I got the abstract class ContentClass
public abstract class ContentClass
{
public abstract String getClassType();
public abstract String getSortId();
}
And the non abstract class Node
public class Node <ContentClass>
{
private ContentClass content;
private Node left;
private Node right;
public Node(Node l, Node r,ContentClass c)
{
content = c;
left = l;
right = r;
}
public String getNodeSortId(){
return content.getSortId();
}
public String getNodeType(){
return content.getClassType();
}
public ContentClass getContent(){
return content;
}
public Node getLeft(){
return left;
}
public Node getRight(){
return right;
}
}
The problem at hand being that content.getSortId()
and content.getNodeType()
are both marked as "undeclared method".
How do I fix this and what did I do wrong?
I want to later on create non-abstract content classes that can contain different types of content and the class Node is supposed to be able to take in any contentclass as a variable
You have misunderstood how a generic type is declared for a class.
public class Node <ContentClass>
does not make use of the abstract class named ContentClass. That line is actually declaring a brand new generic type identifier, which you happened to name ContentClass
. It has no relationship whatsoever to the abstract class named ContentClass.

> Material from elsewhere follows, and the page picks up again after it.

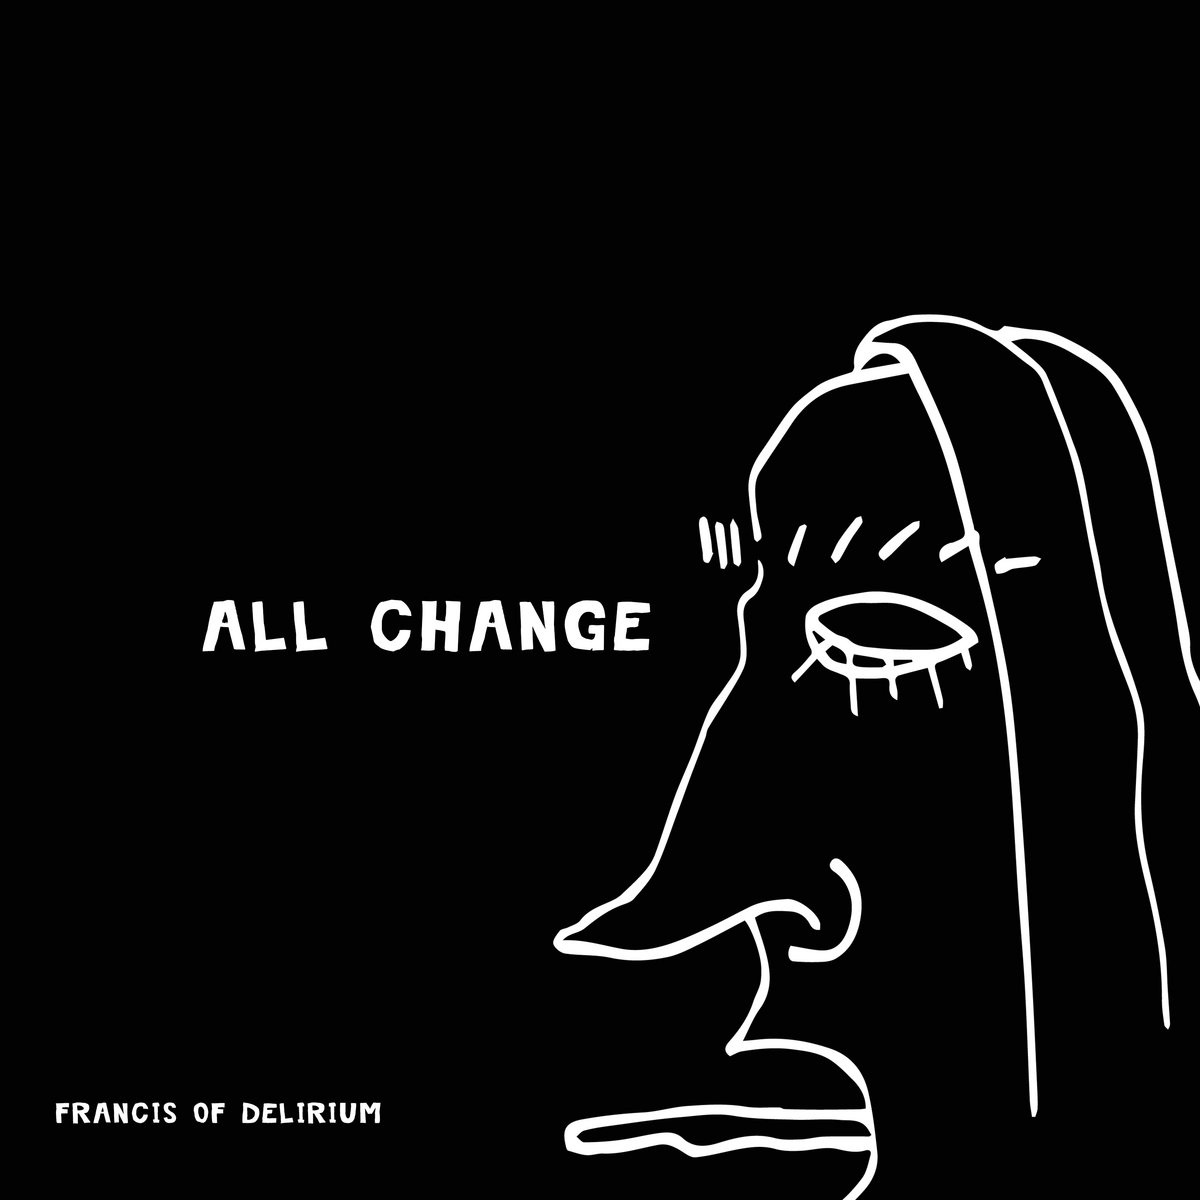 Francis of Delirium

If you look at, say, List or Comparable, you will see that they declare their generic argument type using a single capital letter: List<E>
, Comparable<T>
. Nearly all Java SE classes use this convention, and for good reason: it greatly reduces the likelihood of making this kind of mistake.
What you probably want is this:
public class Node<C extends ContentClass>
{
private C content;
private Node left;
private Node right;
public Node(Node l, Node r, C c)
{
content = c;
left = l;
right = r;
}
// ...
public C getContent() {
return content;
}
In the above code, C
is the type argument. Because it was declared as a type which must inherit from ContentClass, any object of type C is guaranteed to have the getClassType() and getSortId() methods.
Aside from the declaration of C
, the name “ContentClass” should not appear anywhere in your Node class.